Cant believe he actually said that. I’m sure he must have been bluffing due to the fear of Wotif becoming obsolete after the NBN is rolled out. He may have thought his comments may have persuaded some pollies to change their vote. This way it would be much harder to develop web applications that have anymore advanced features than what we have today and have them still run efficiently.
If this is the case, Wotif.com will be quite comfortable with no significant threats to its crown as authority. If it is his true belief, Wotif will become obsolete in no time because it failed to evolve with the times.
NBN speed internet will open up a whole new world of possibilities in web development. We’re talking speeds that make streaming HD Television child’s play. That eliminates the need for digital tv, goodbye foxtel, hello Netflix on steroids.

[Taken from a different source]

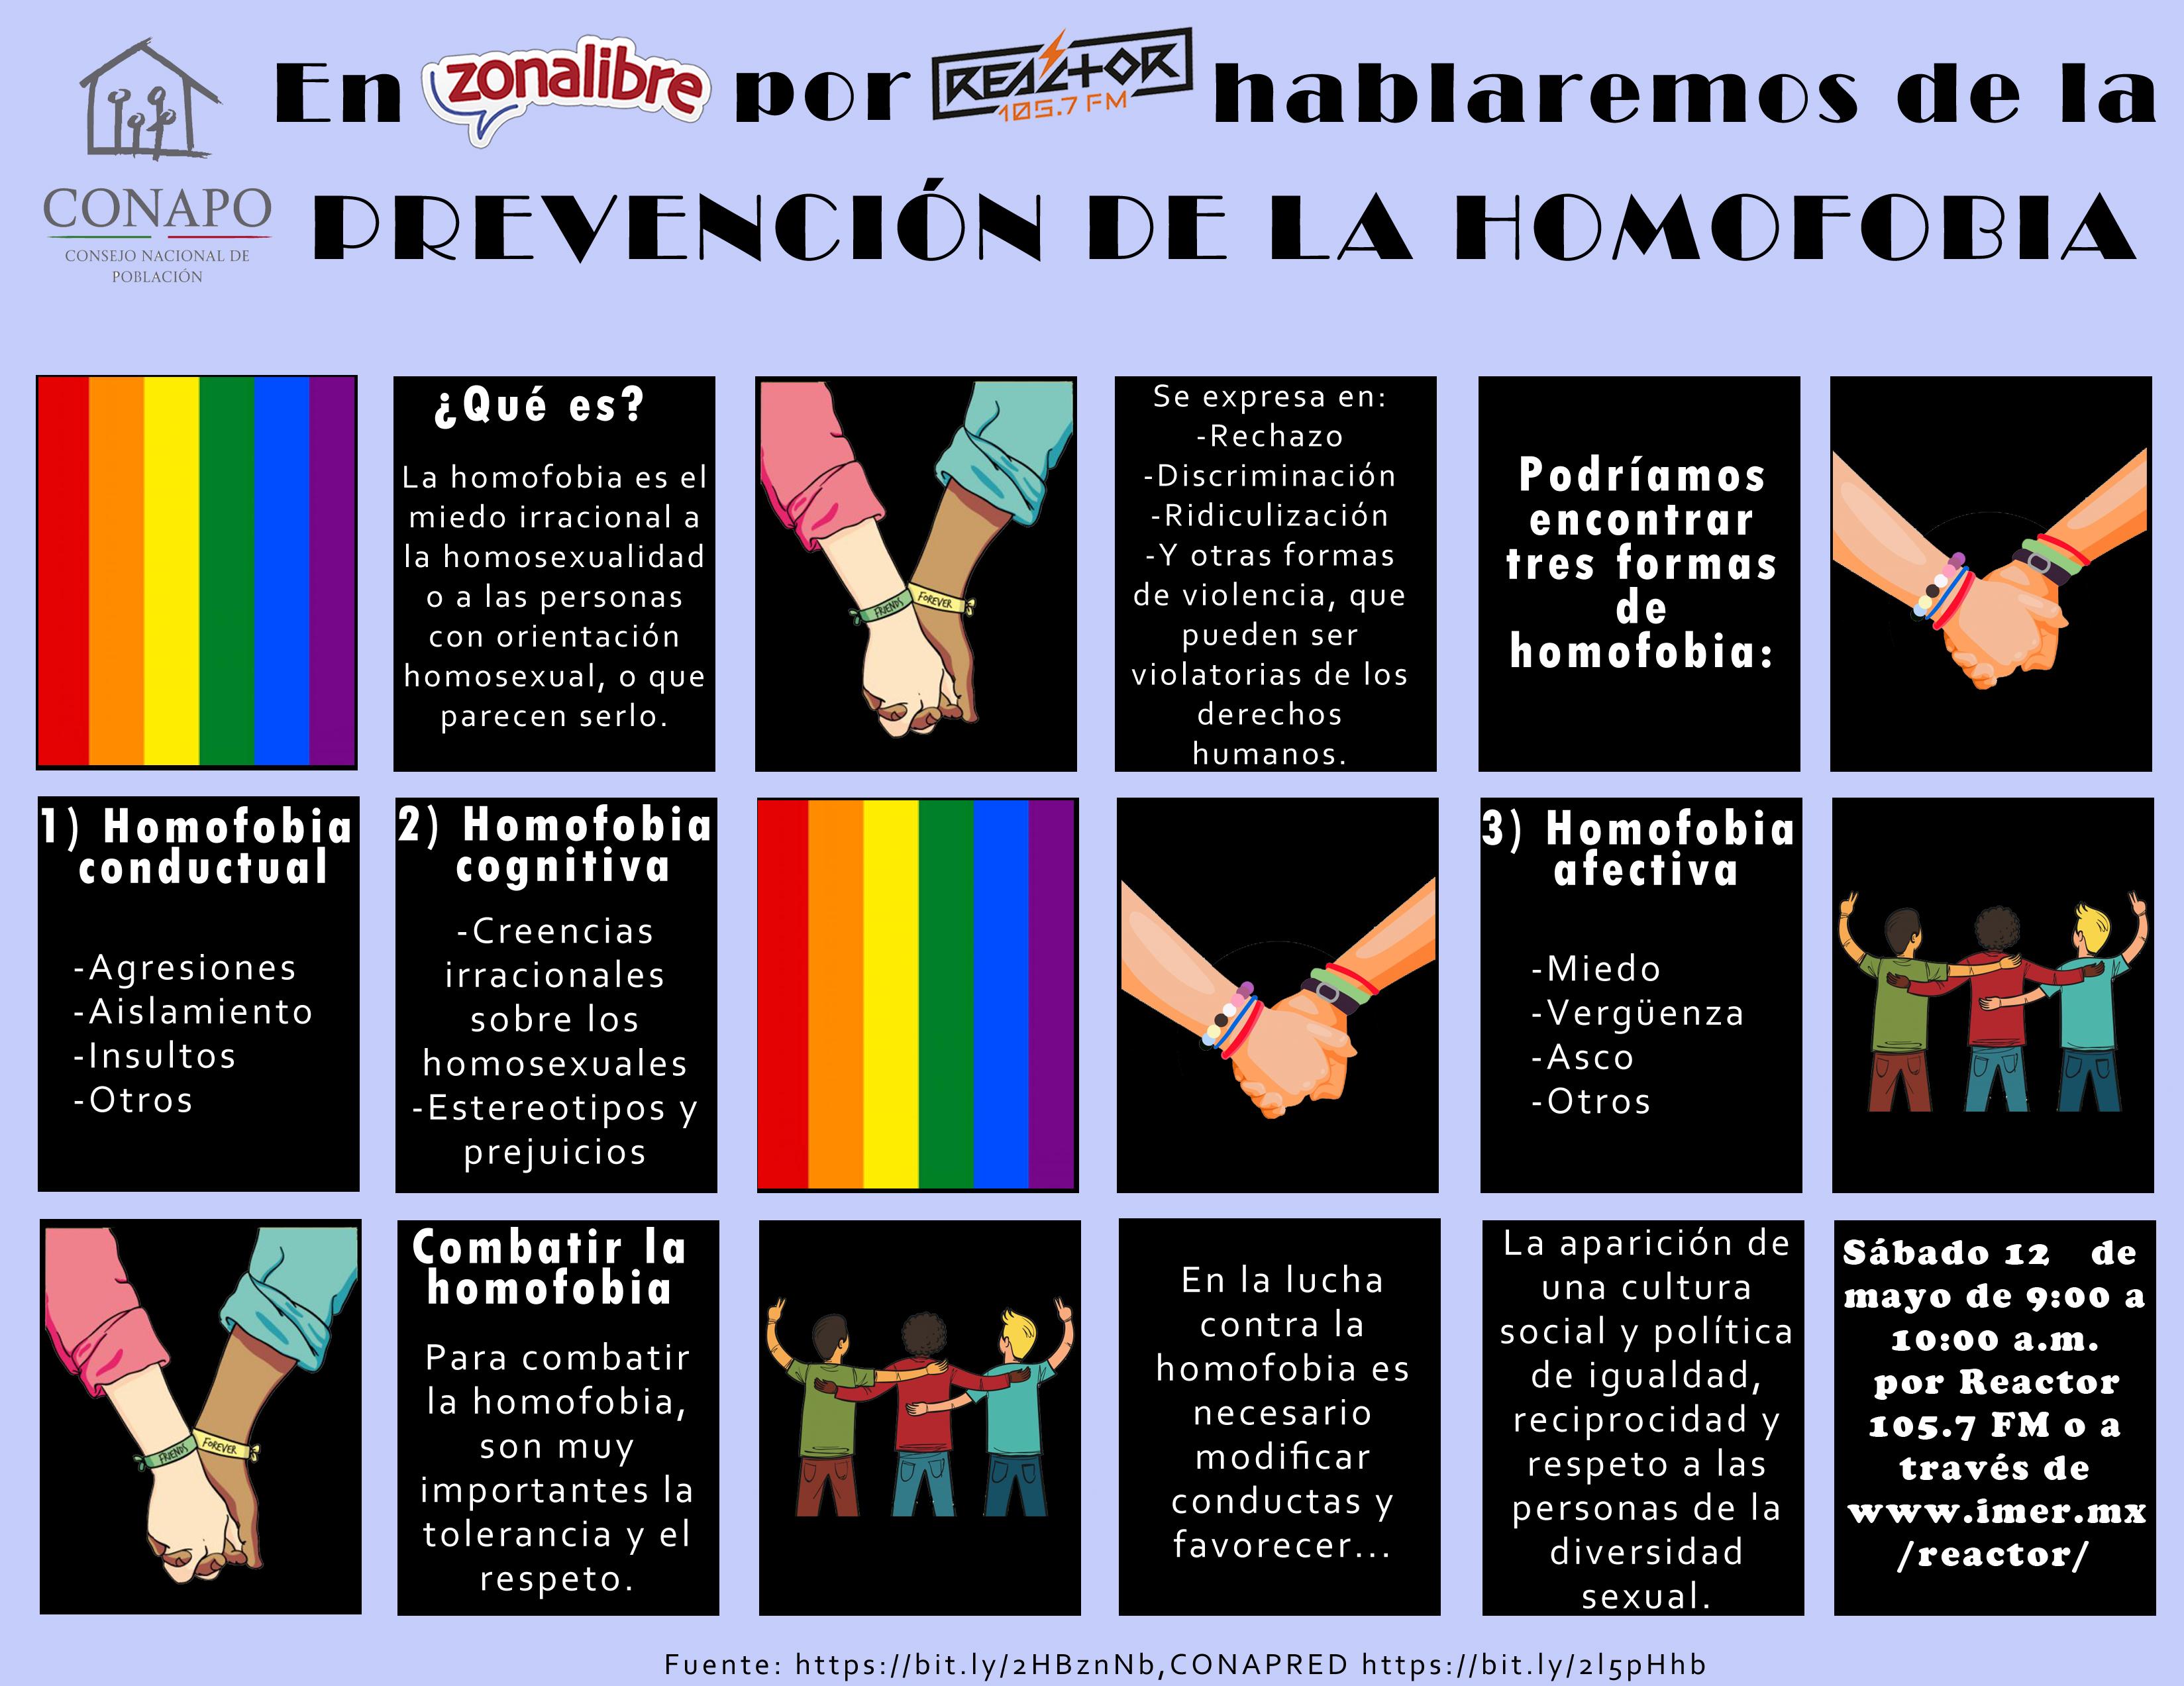 Prejuicios sobre los gays

Australia’s internet quality is already years behind nearly all other developed countries. NBN gives us a chance to catch up and goin the leaders, if it does’t happen like its planned, the global internet ship would have sailed and we wont be on it.
As the leading countries develop new web applications, larger, faster and more interactive websites, it will result in poorer performance, slower loading times, making it appear our internet is getting worse.
Coming from regional SA, my family still continues to enjoy satellite internet at around 40Kbs. Loading any website with some high resolution photos or any other media takes an eternity. Primary industries are still one of the top exports we have but the primary producers are still not exposed to the networking power of the internet. Once they are, wow, watch out, they will have their voice back and bring them straight to their market.
Agree with all the sentiment here, except the NBN is a doomsday device for WOTIF. WOTIF’s consumer value proposition is about providing a single destination to view, compare & select accomodation at the best rates. This doesn’t disappear with the NBN.
Graeme Wood has $330M to his name, so I’m sure he can tolerate being called an arsehat. Maybe should just call him lucky filthy rich arsehat.
Any fool who thinks the NBN will be a well-managed investment is stratospherically deranged. Wood might lack some detail but he is one of the handfull of influential people who acknowledges how woefully incompetent the government is at delivering anything of any real substance.
And I found this article (which has no prominence elsewhere) using the Wood-finded WotNews application.
@Carl: Graeme Wood is also perhaps only an arsehat in connection with the comments that triggered this blog post back in September last year.
I’ve recently been quite impressed to discover that he’s funding a new outlet for quality journalism in what appears to be an act of pure philanthropy.
Phrases like “how woefully incompetent the government is at delivering anything of any real substance” tend to trigger my Mindless Tribalism Detectorâ„¢ I afraid. Governments of all persuasions deliver projects and services of value every day. Only the disasters get a high profile, so our perceptions are skewed. That skewing isn’t helped when the media misrepresents statistics and concocts outrage.
I don’t blindly imagine that the NBN will be managed well, but nor do I blindly imagine that it will certainly fail simply because it’s a government project. NBN Co appears to be hiring smart people who know how to run projects. We shall see. Of of course we should keep a close eye on ’em.